DeepSpeech - Speech to Text
DeepSpeech now provides precompiled packages via pip, so you won't have to build it yourself anymore.
To install DeepSpeech go ahead and install it with pip:
[~]$ sudo pip3 install deepspeech
Note: DeepSpeech did not run very well on the Raspberry Pi because the language model was too large to fit in memory, and without it DeepSpeech just returns raw phonemes.
Now you need to download the language models for your DeepSpeech version:
- Check the version here: https://pypi.org/project/deepspeech/ (current one is v0.5.1)
- Copy this and replace the version number with your version:
[~]$ wget https://github.com/mozilla/DeepSpeech/releases/download/v0.5.1/deepspeech-0.5.1-models.tar.gz
- And extract the downloaded file:
[~]$ tar xvfz deepspeech-0.5.1-models.tar.gz
Great! You just downloaded the pre-trained model from the DeepSpeech project. You should make sure to look at the Common Voice project (https://voice.mozilla.org/en) and consider contributing in order to help with higher quality models in the future.

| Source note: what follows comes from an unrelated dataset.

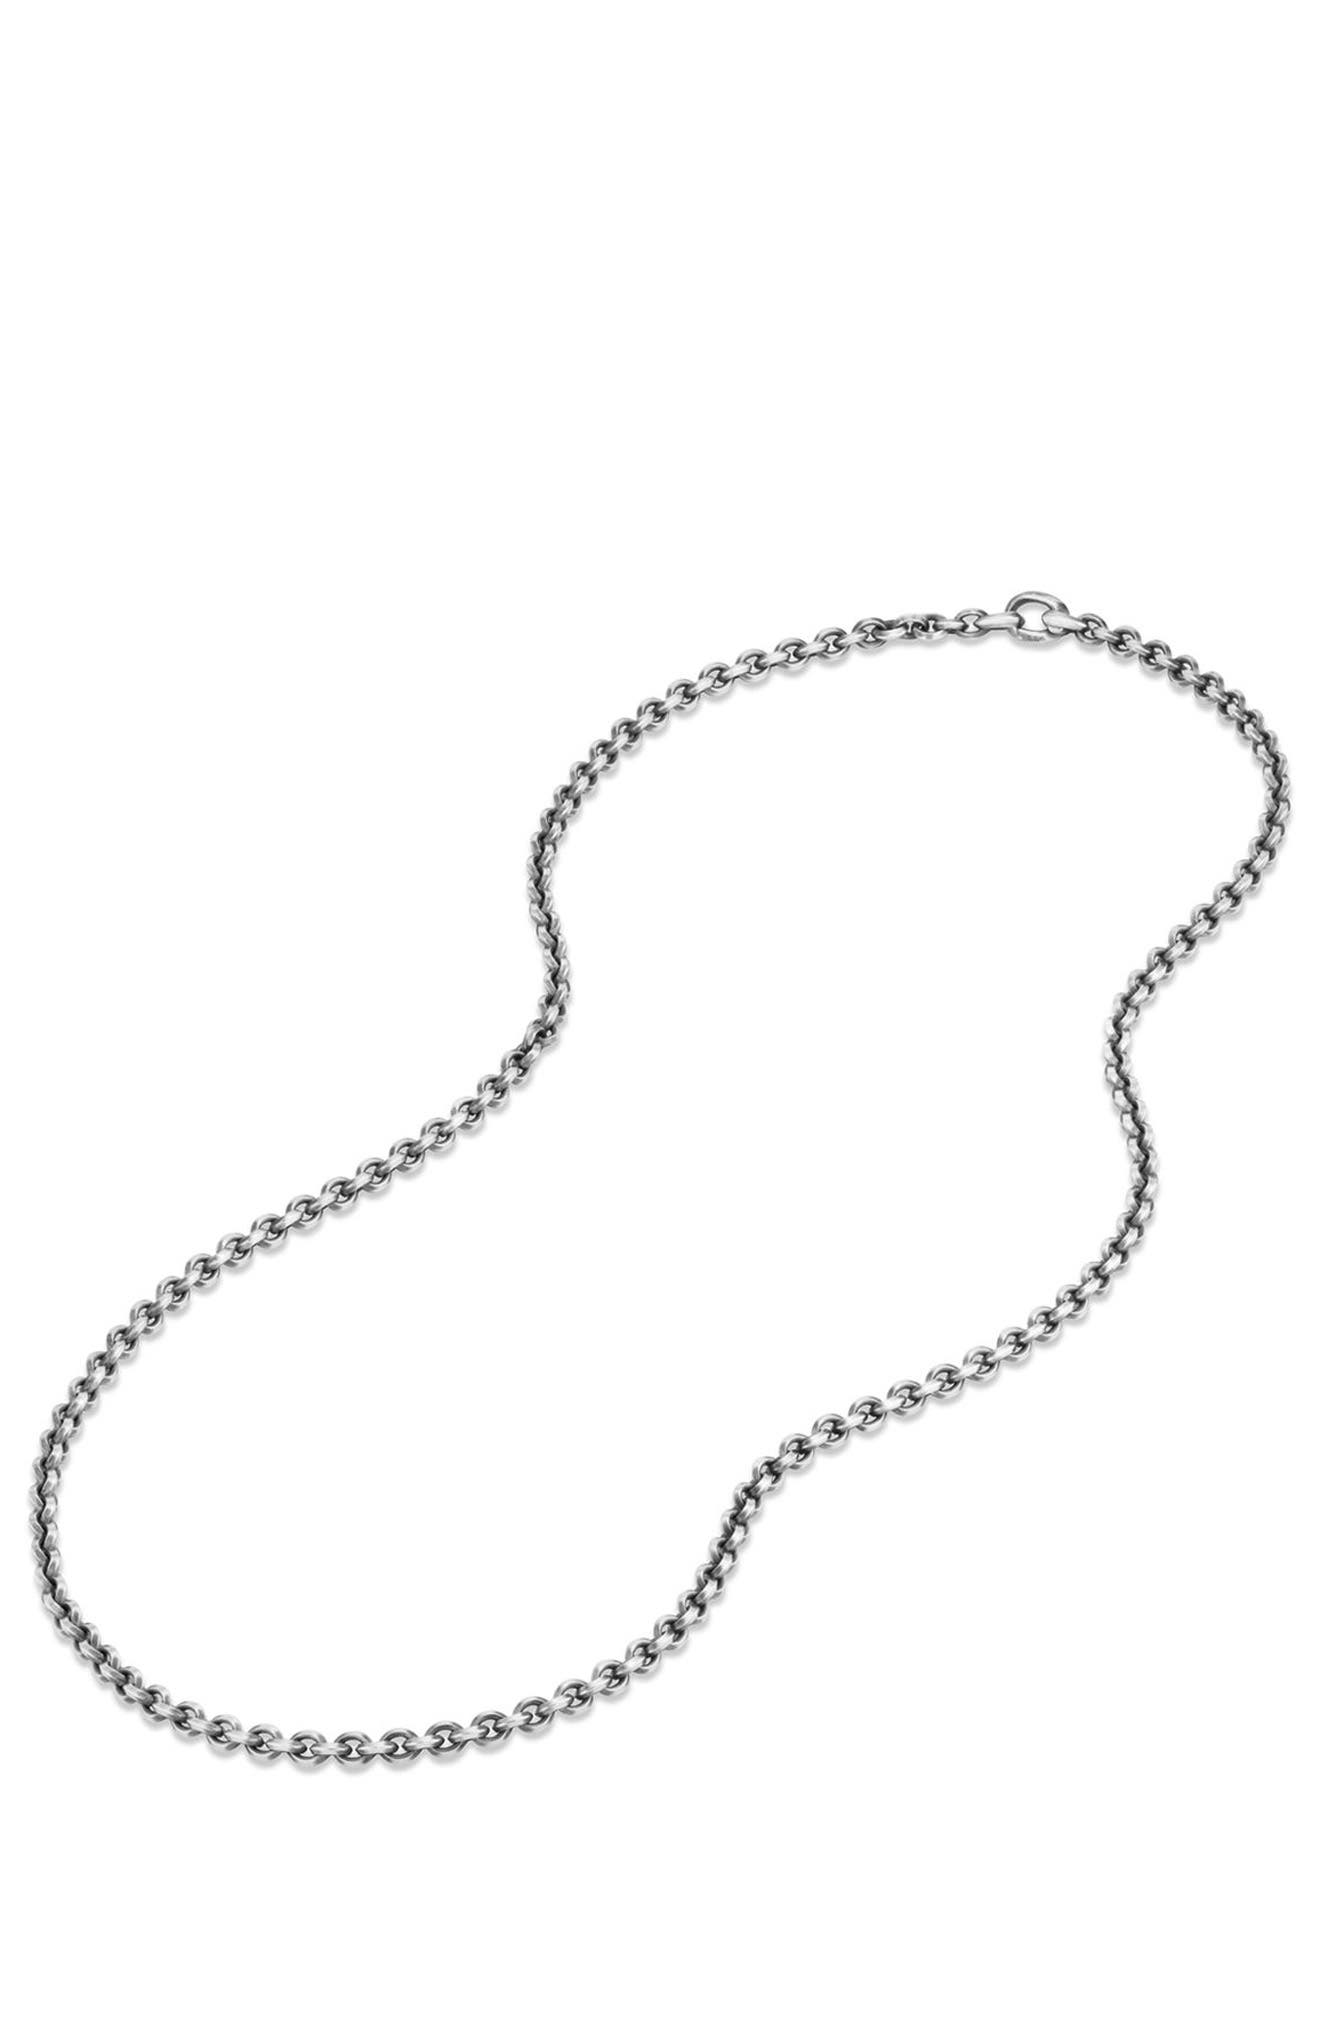 Knife Edge Chain Necklace,                             Alternate thumbnail 2, color,                             040

The last step is to add DeepSpeech to your profile like this:
I recommend using PocketSphinx for passive listening and DeepSpeech for active listening. To use it as the active listener with Naomi, you will need to add a section like this to your profile.yml file:
active_stt:
engine: deepspeech-stt
deepspeech:
model: '/home/user/models/output_graph.pb'
alphabet: '/home/user/models/alphabet.txt'
language_model: '/home/user/models/lm.binary'
trie: '/home/user/models/trie'